If you already run a private ChatGPT or internal automations, content is the other half of the job: just as a private ChatGPT for business organises your knowledge on the inside, Canon projects your authority on the outside.

In summary

GEO is about getting AI to cite you, and the lever is the same one that drives SEO: a niche blog that's deep, fresh, and published consistently. Whether it works or not comes down to keeping the cadence without giving up quality, with a person approving every piece.

Want your business to start showing up cited by AI? Discover Canon or let's talk about your case.

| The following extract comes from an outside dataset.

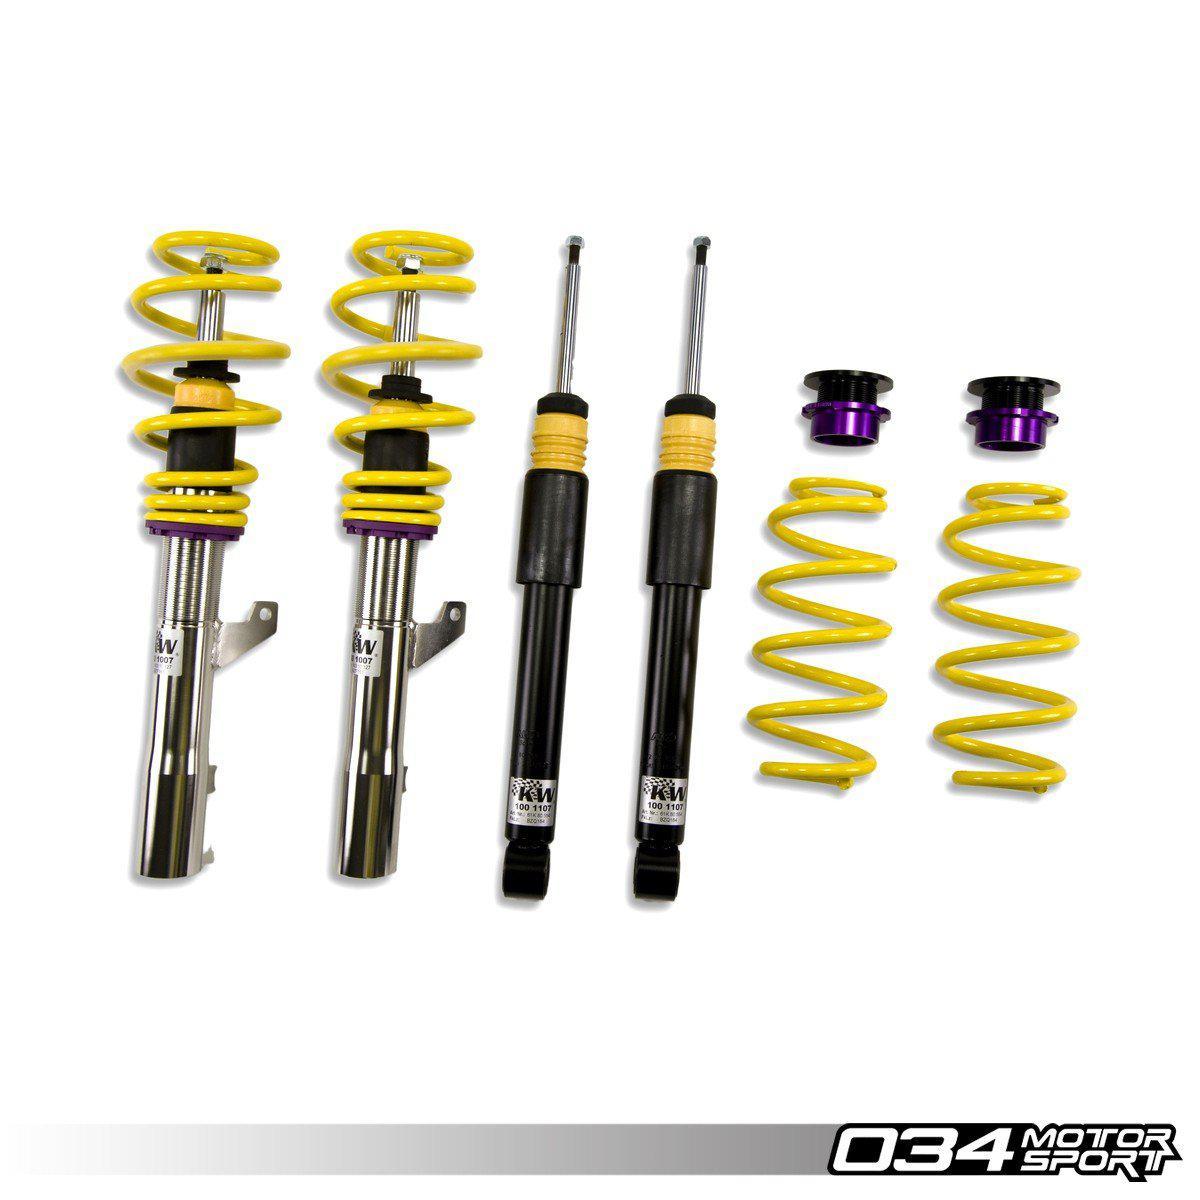 KW Variant 1 Coilover Suspension, B8/B8.5 Audi Q5/SQ5 Without Edc-A Little Tuning Co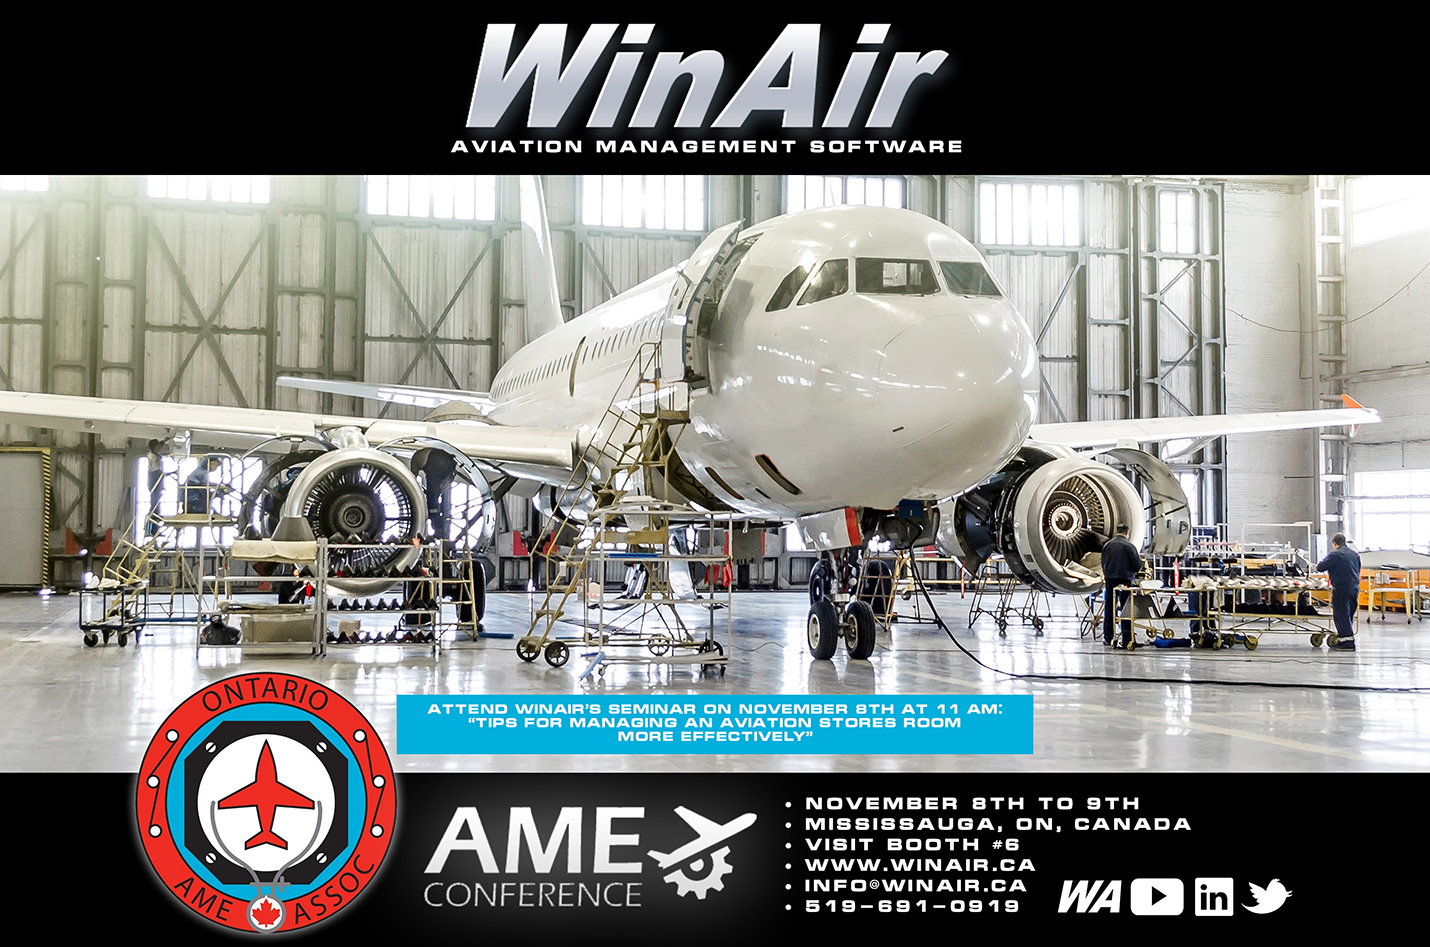 WinAir - Aviation Management Software - Ontario AME Conference - Visit Booth 6 - Promotional Event Image

Frequently asked questions

What is GEO and how is it different from SEO?
GEO (Generative Engine Optimization) means optimizing so AI assistants —ChatGPT, Perplexity, Google's AI Overviews— cite you as a source in their answers. SEO is about ranking in the list of results; GEO is about appearing inside the generated answer. They share a foundation (useful, well-structured content), but GEO leans on factual clarity, concrete entities, and text that is easy to quote.
How do ChatGPT or Perplexity decide who to cite?
They favour sources with clear structure, concrete data and entities, fresh content, and depth on a topic. A site that covers a niche in detail, updates often, and offers self-contained, quotable sentences is far more likely to be referenced than a generic, static page.
Is publishing occasionally enough?
No. Both SEO and GEO reward topical authority, which is built through consistency. A content engine that publishes weekly on a niche accumulates freshness and depth signals that sporadic posting never reaches. The key is keeping the cadence without sacrificing quality.